Movie review: The Assassination of Richard Nixon

In The Assassination of Richard Nixon, Sean Penn gives a masterful performance as a working-class misfit, disillusioned with American society, who decides he must kill the president of the United States.

Neils Mueller’s directorial debut comes through with a depressing biopic that dives into a topic deeply ingrained in the American psyche. Presidential assassins have fascinated the U.S. for nearly 150 years. How seemingly normal members of society have been driven to insanity and attempt to kill the nation’s leaders has mystified generations.

These criminals have become integral chapters in American lore, in some cases presidential assassins all but surpassing the fame of assassinated presidents. Who were James Garfield and William McKinley compared to John Wilkes Booth and Lee Harvey Oswald?

The phenomenon has found its way to the arts, most notably with Stephen Sondheim’s 1991 musical Assassins, in which eight would-be presidential assassins (four successful, four not), sing about the heroics of their deeds.
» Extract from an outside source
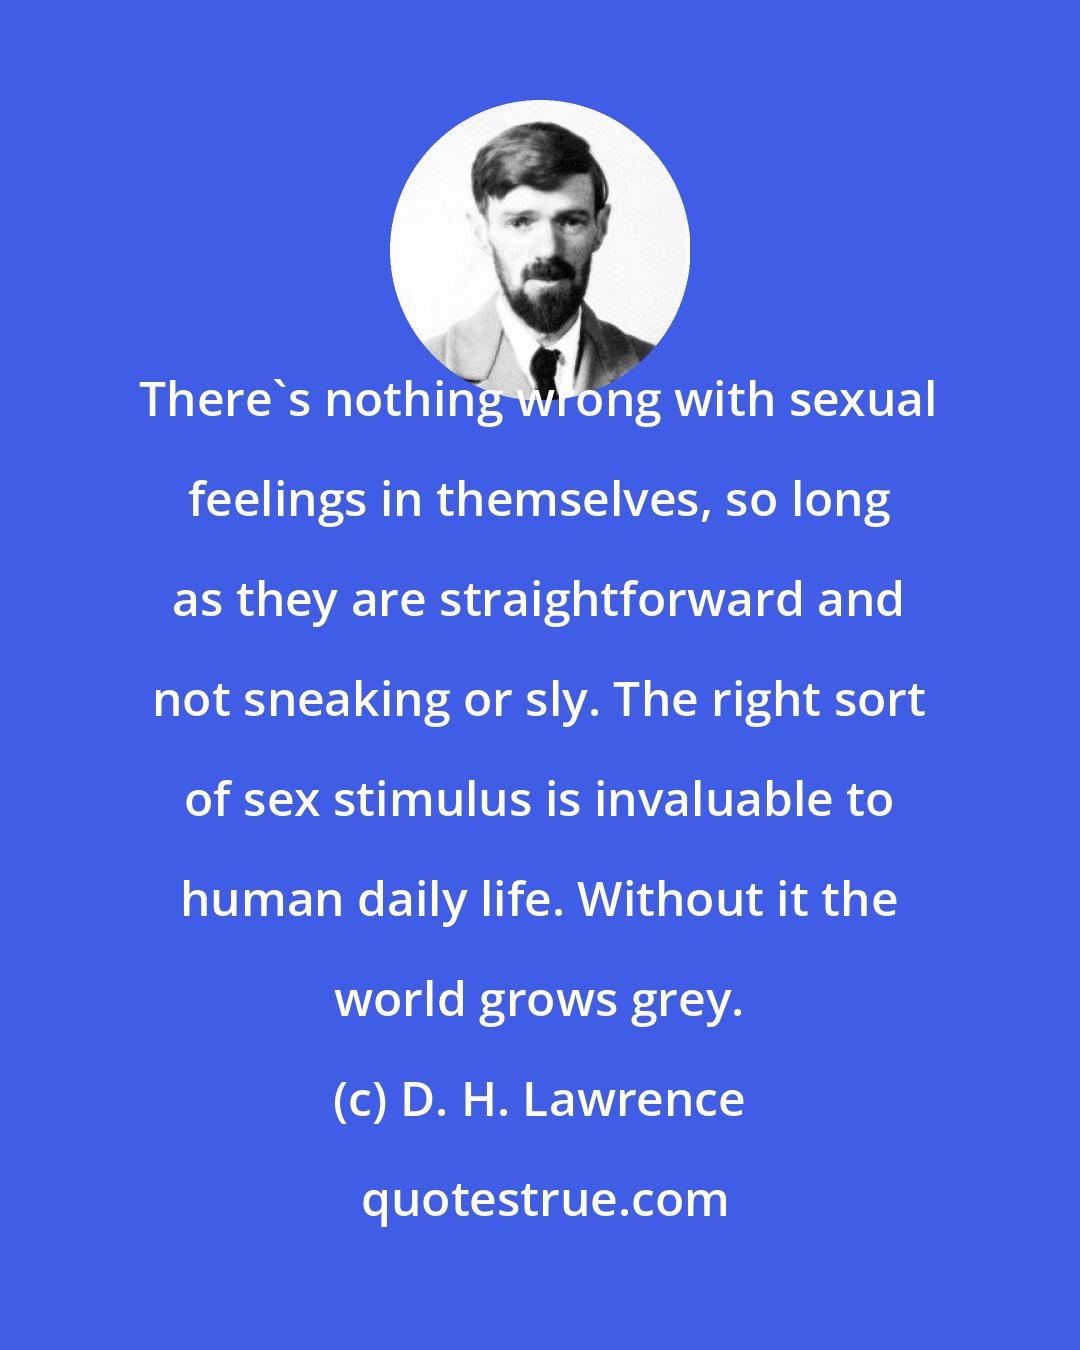 D. H. Lawrence: There's nothing wrong with sexual feelings in themselves, so long as they are straightforward and not sneaking or sly. The right sort of sex stimulus is invaluable to human daily life. Without it the world grows grey.

One of those men was Samuel Byck, a failed salesman who in 1974 tried to highjack a 747 from Baltimore International Airport and crash it into the White House in a botched attempt to kill Richard Nixon. Mueller plunges into the mind of the would-be killer, depicting the typical psychosis of such a man and showing the abrupt descent from ordinary man to madman.

It is a classic tale of a down-and-out loser. Mueller could not have found a more suitable actor to portray the dark and disturbed character than Penn, perhaps the most moody and enigmatic actor of his time, who turns in another Oscar-worthy performance as a man who has lost hope in everything and desperately wants to make a difference.

In the span of a year, we witness the slow destruction of Sam Bicke (the spelling of his last name was curiously altered for the film), from the agonizing separation from his wife, to the growing estrangement from his brother, to his professional failures as a salesman. Everywhere he looks he sees injustice and deceit. All he longs for is a piece of the American Dream.

But as Bicke’s world disintegrates, the dream turns into delusions of grandeur, and his resolve begins to focus on his chosen scapegoat, the man he deems responsible for the injustices in his life: Nixon. “The greatest salesman in history,” Bicke’s slimy salesman boss calls him.

As failures turn to paranoia, Bicke develops an obsession with Leonard Bernstein, recording messages to the conductor in which he laments on the failure of “the system.”

When all else fails, and his country has let him down, he feels all he has left is to kill the president.

Penn joins forces once again with Naomi Watts, who plays his bitter and rejecting wife (the two starred together in 21 Grams), and features strong supporting performances by Don Cheadle (who plays his best friend, Bonny), Jack Thompson, Michael Wincott and Mykelti Williamson.

While the film lacks a certain element of surprise — the ending is known, for example, insofar as Nixon was not assassinated — The Assassination of Richard Nixon compensates with an insightful exploration of a troubled man’s mind.

Like most potential assassins, Bicke, too, wants to be recognized and appreciated. The film will likely do nothing to diminish his place as a footnote in history. It does, however, reveal the dangerous process a man can go through, and it makes one wonder how many men like this are out there today.